Parliament Funkadelic featuring George Clinton
Godfather of Funk
George
Clinton is one of the foremost innovators of funk music, and was the
mastermind behind the bands Parliament and Funkadelic. Clinton was
inducted into the Rock and Roll Hall of Fame in 1997 with 15
other members of Parliament-Funkadelic.
Clinton
started his career with the Parliaments, a barbershop
doo-wop ensemble, which scored a major hit with "I Wanna
Testify" in 1967. Clinton then began experimenting with harmonies,
melody, and rhythm, and taking cues from the psychedelic movement,
forever setting himself apart from the Motown era.
By the
early 1970s, the group's tight songs evolved into sprawling jams around
funky rhythms. They dropped the "s" from the band name
and Parliament was born. Around the same time, Clinton
spawned Funkadelic, a rock group which fused psychedelic guitar
distortion, bizarre sound effects, and cosmological rants with danceable
beats and booming bass lines. Funkadelic recorded a number of
influential concept albums, including Free Your Mind and Your Ass Will
Follow, Maggot Brain, and America Eats Its Young.
Parliament and Funkadelic captured
40 hit R&B singles, including No. 1 hits "Flashlight,"
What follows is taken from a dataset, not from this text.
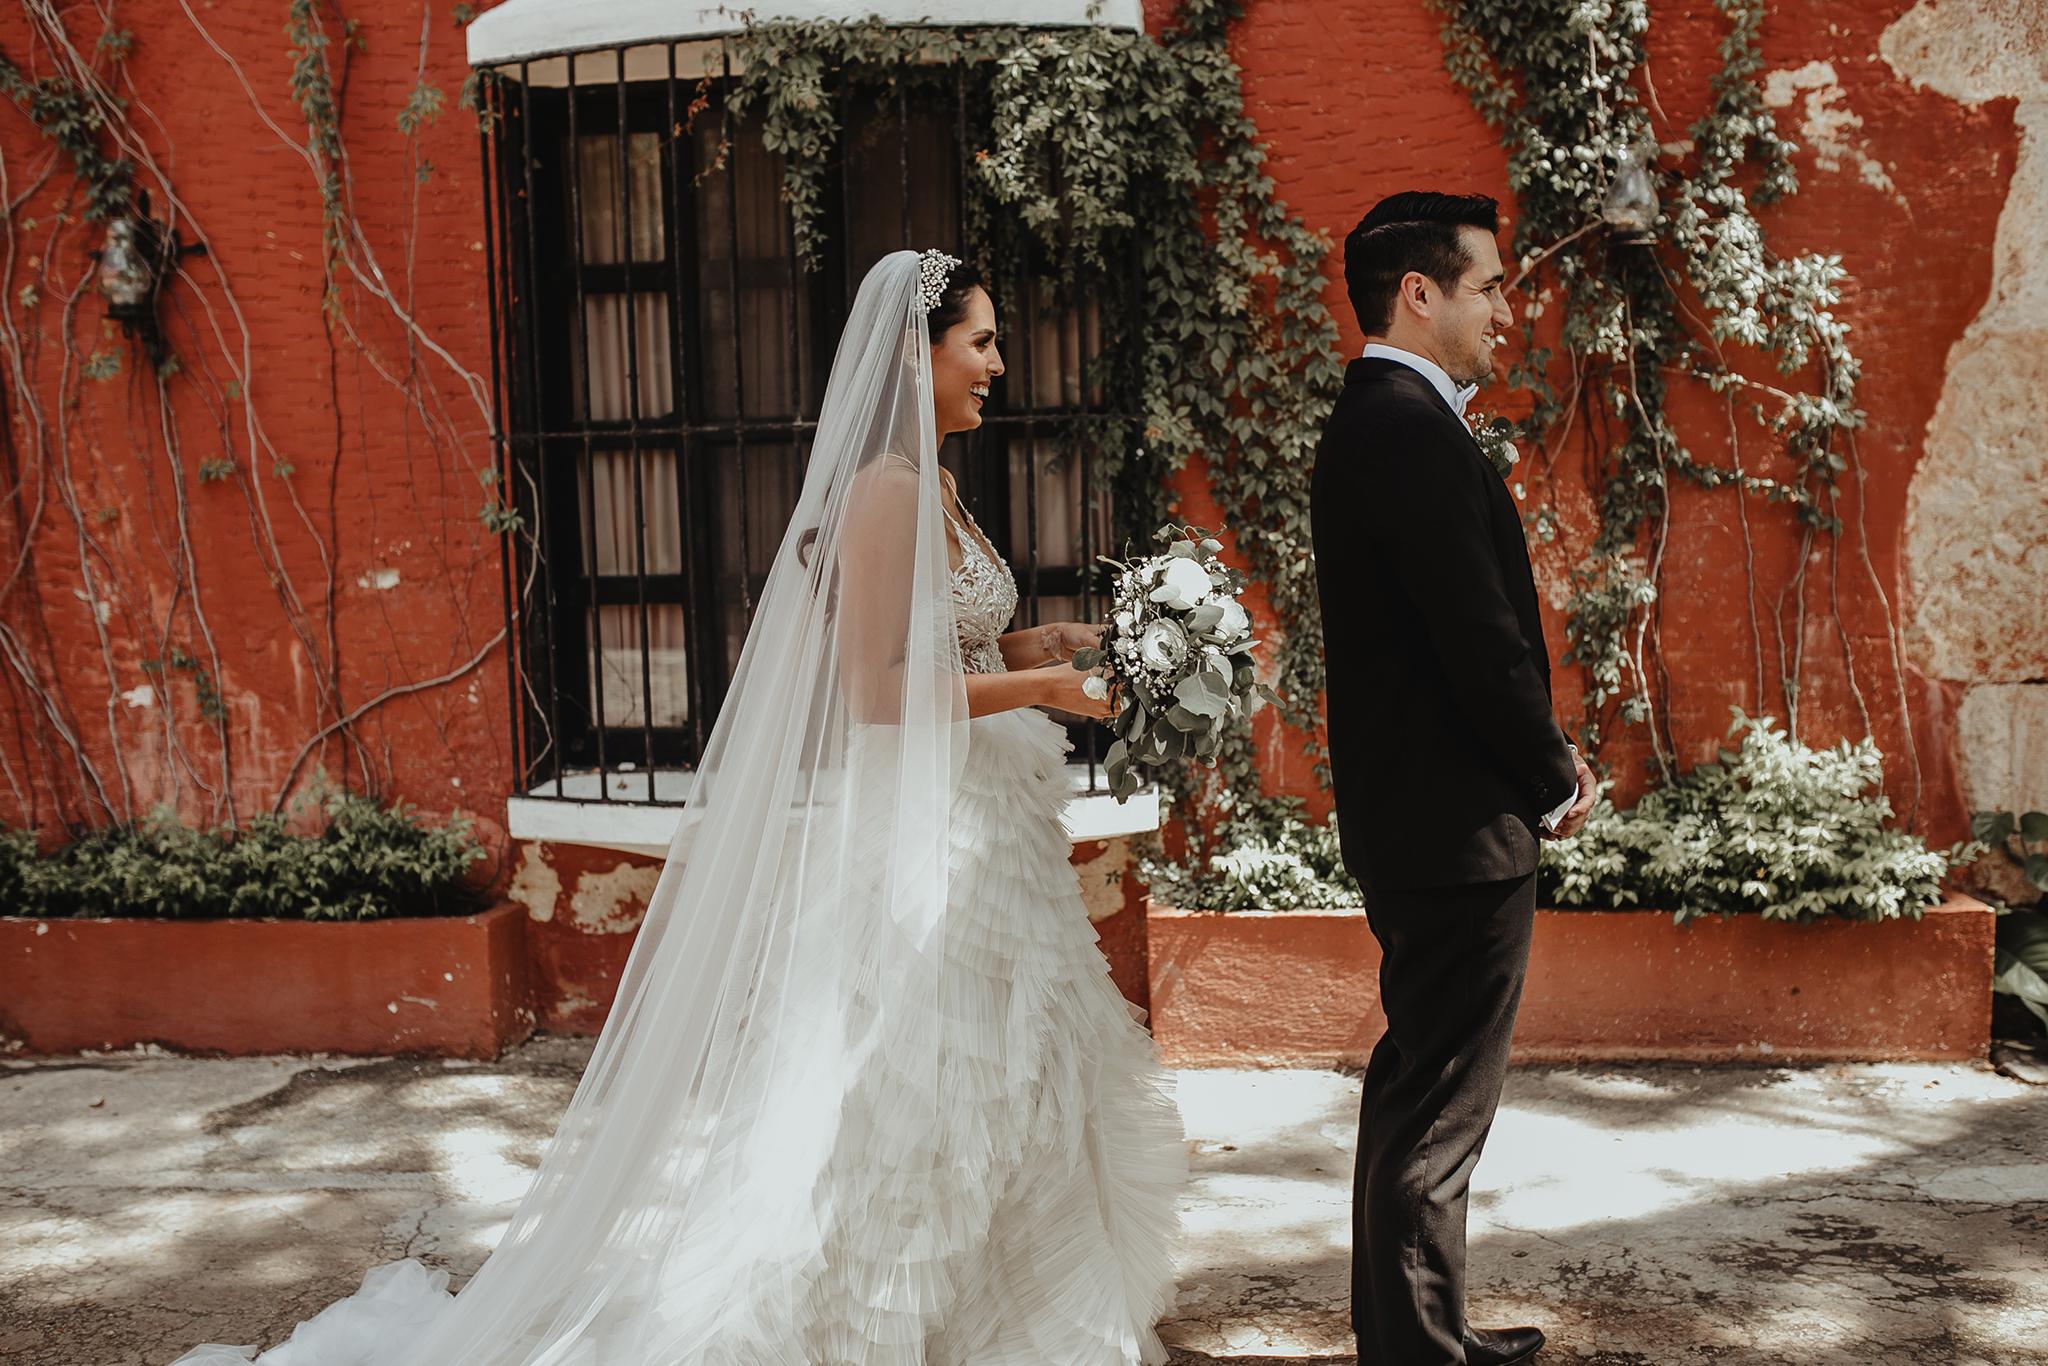 0288R&F__WeddingDestination_Weddingmerida_BodaMexico_FotografoDeBodas_FabrizioSimoneenFotografo.jpg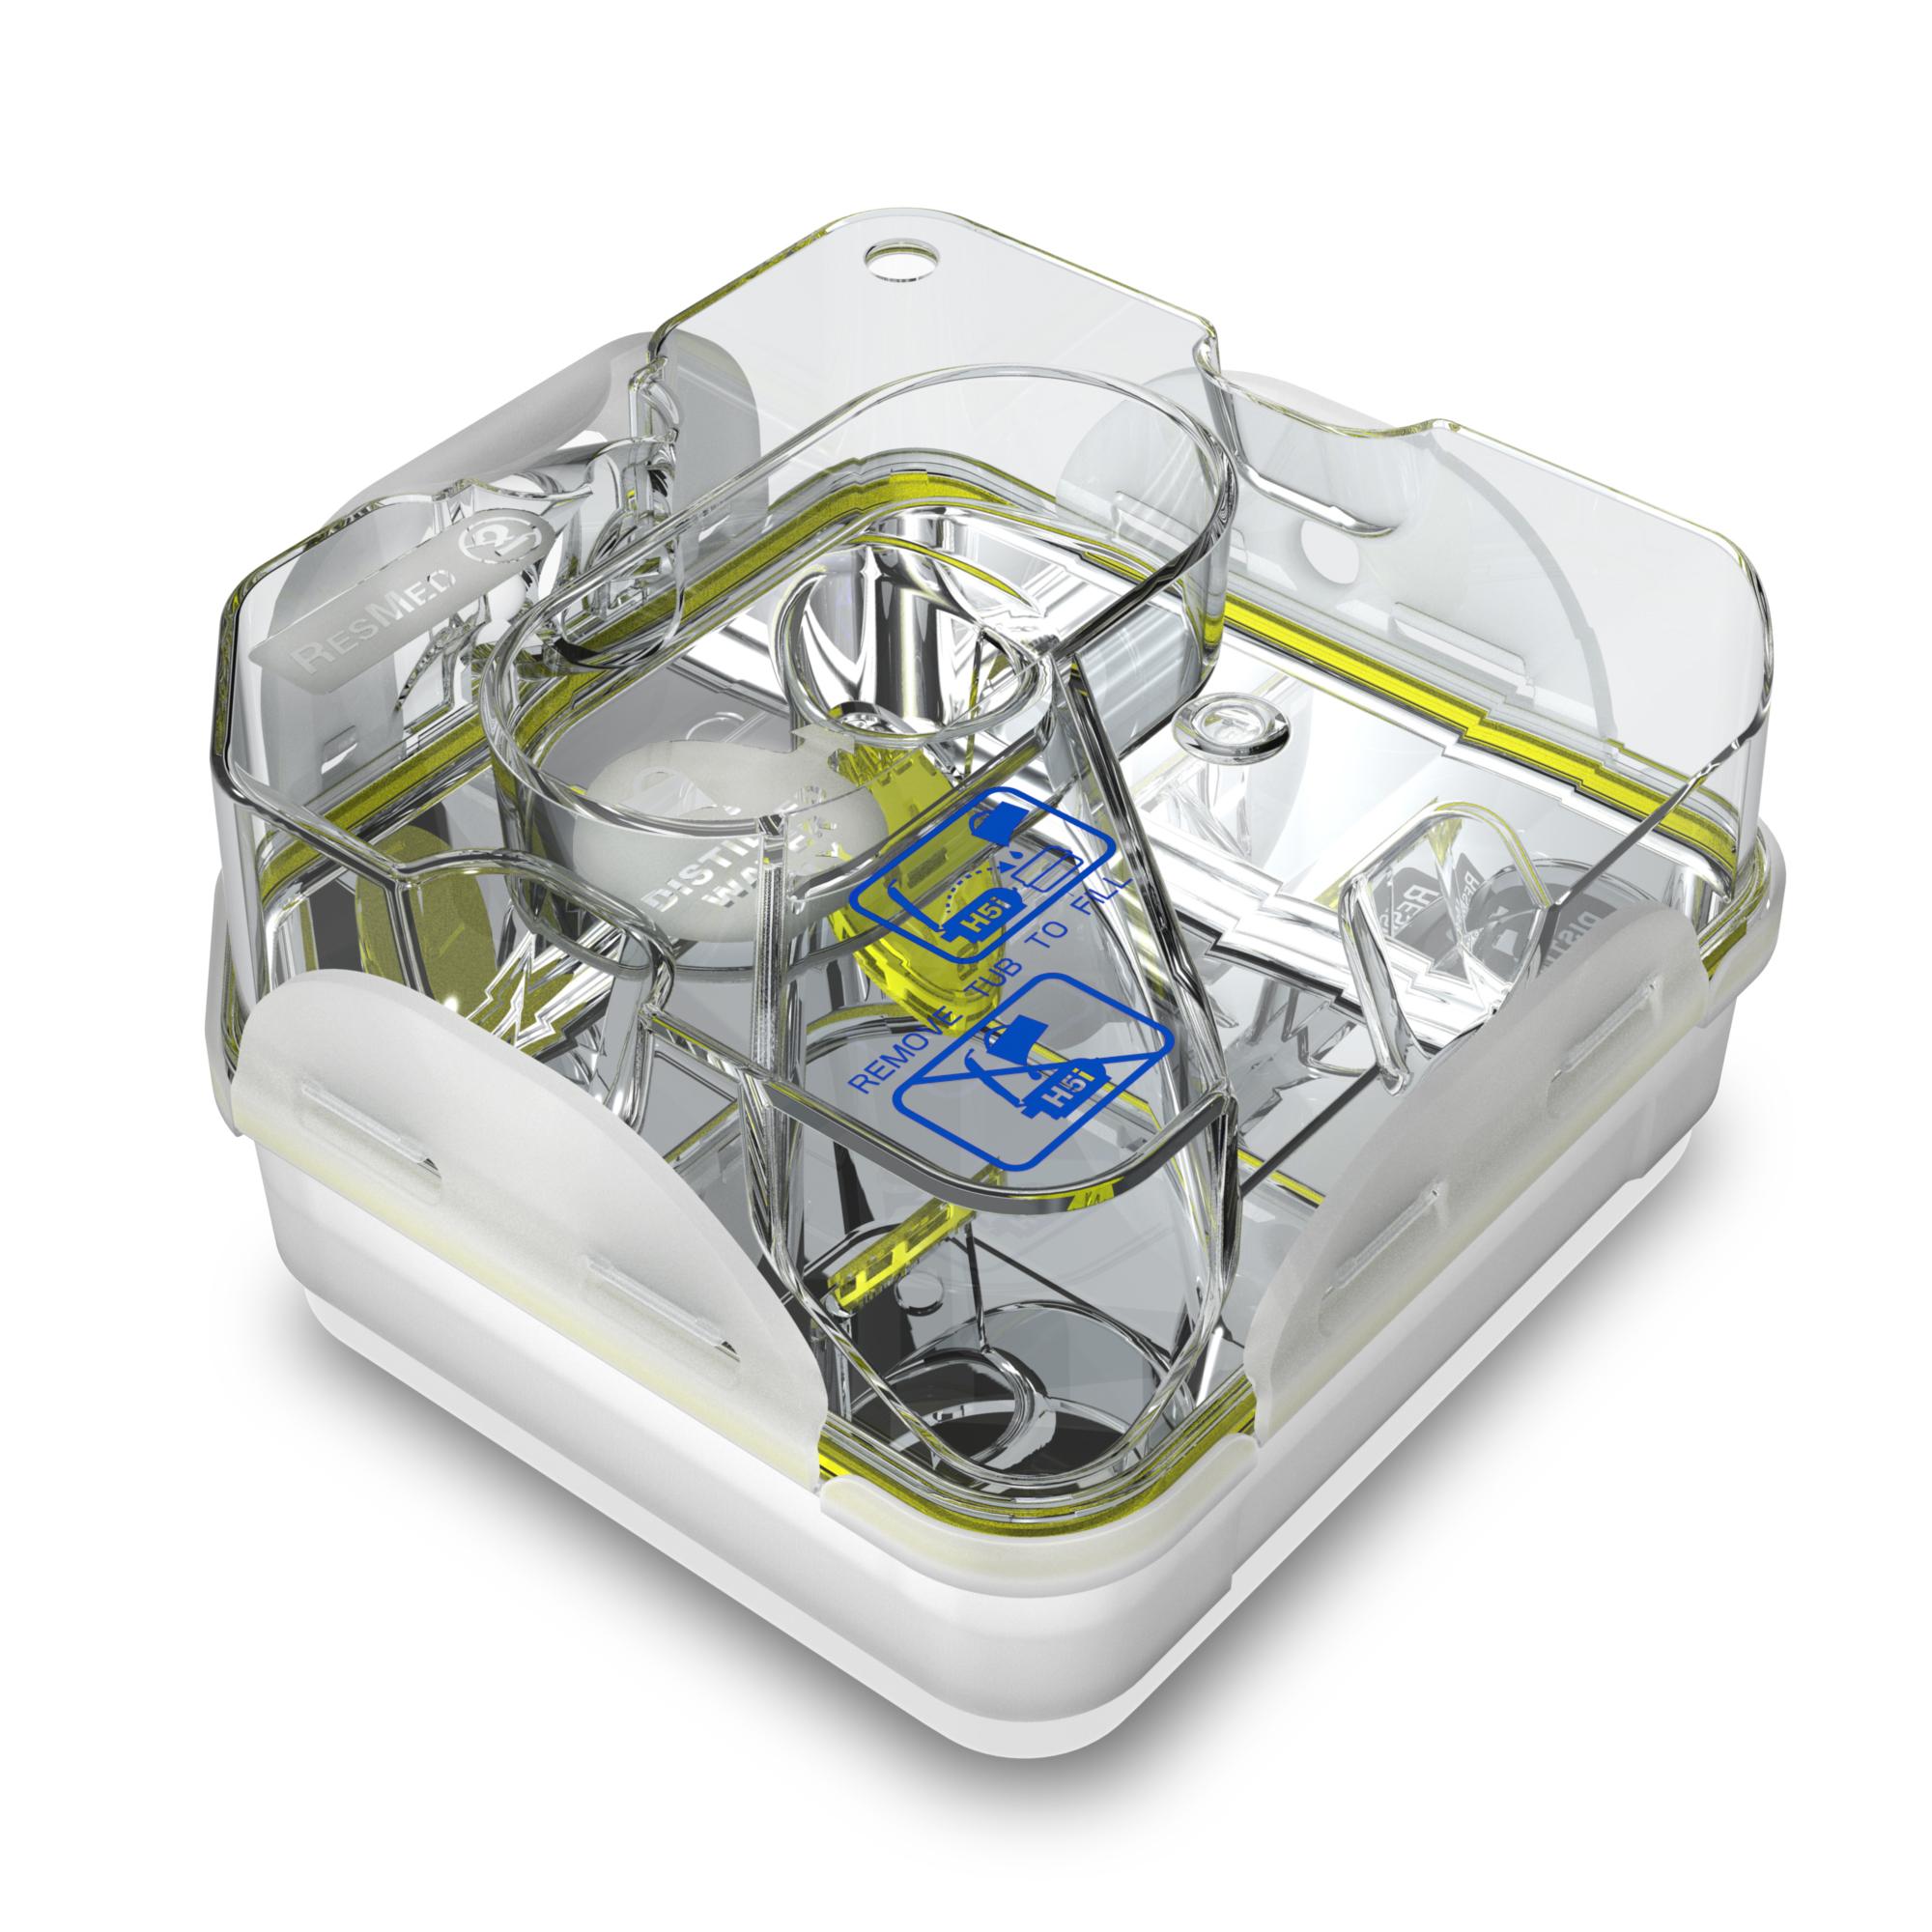 H5i-Disposable-Tub.web_

"One Nation Under a Groove," "Aqua Boogie," and
"(Not Just) Knee Deep." Clinton's collaborators included keyboardist
Bernie Worrell, guitarist Eddie Hazel, bassist Bootsy Collins, saxophonist
Maceo Parker, trombonist Fred Wesley. On stage, spectacle ruled the day,
with an enormous mothership, outrageous costumes, and marathon
performances.
In the
1980s, Clinton emerged as a successful solo artist. He
released Computer Games with the No. 1 hit single "Atomic
Dog," produced the Red Hot Chili Peppers' pioneering Freaky
Styley, and signed with Prince's Paisley Park label. He also began to
experiment with the urban hip-hop music scene, as a generation of rappers
reared on P-Funk began to name-check him.
Clinton
has become recognized as the godfather of modern urban music. Beats, loops,
and samples of P-Funk have appeared on albums
by OutKast, Dr. Dre, Snoop Dogg, Busta Rhymes, Missy Elliot, De La
Soul, Fishbone, and many others. As Clinton has said, "funk is
the DNA of hip-hop and rap." In 1996, Clinton released
the solo album The Awesome Power of a Fully Operational Mothership,
which reunited him with Bernie Worrell and Bootsy Collins.
In
1997, Clinton and Parliament-Funkadelic were inducted into the Rock
and Roll Hall of Fame, Guitar Center's Hollywood Rock Walk, and earned a
Lifetime Achievement Award at the NAACP Image Awards. In
2002, Spin voted Parliament-Funkadelic No. 6 of the 50
Greatest Bands of All Time.
Over
the past decade, Clinton has continued to play sold-out shows across the globe,
while a countless number of his songs have been licensed for film and
television. Currently, he is compiling new and old songs for an exclusive
online-only release, fighting for artist rights through the P-Funk Initiative,
and blogging about these issues on his website, FunkProbosci.com. Clinton also continues
to support the youth through the Mother's Hip Education Foundation, and through
donations to the Barack Obama Green Charter High School in Plainfield, New
Jersey.
In
October of 2011 at the legendary Apollo Theater in New York, an all star line
up of entertainers including Bootsy Collins, Paul Schaffer, Questlove, Fab Five
Freddy, and countless others came out to pay tribute to Dr. Clinton for 50
years of music making. The event called "Absolute Funk" also
benefitted New York City hospitals.
At the
start of the 2012, Berklee College of Music President Roger H. Brown present
Dr. Clinton with an honorary doctor of music degree in recognition for the funk
icon's enduring musical and cultural contributions. Dr. Clinton spent four days
with the Berklee students culminating in a collaborative concert with the music
pupils.
In the
midst of non stop touring that took Dr. Clinton and P-Funk all the way to jazz
festivals in the UK and France earlier this summer, the septuagenarian rock
star took time out to break ground at the Smithsonian's National Museum of
African American History and Culture in late June. During the groundbreaking on
the National Mall, P-Funk headlined a concert called "Bring Back the
Funk" with Ivan Neville and Meshell Ndegeocello. The museum also acquired
The Mothership, the iconic stage prop made famous in P-Funk's 1970s live shows.
The ship, donated by Dr. Clinton, will help anchor a permanent music exhibition
when the museum opens in Washington, D.C in 2015.
Other highlights of Dr.
Clinton's 70th year include running a campaign to help digitize and preserve
P-Funk's amazing catalog of master analog tapes. Dr. Clinton is an also an
advocate for artists rights through fighting for his right to the copyrights of
his work and raising awareness of copyright issues. His efforts were recently
the subject of an in depth piece on National Public Radio.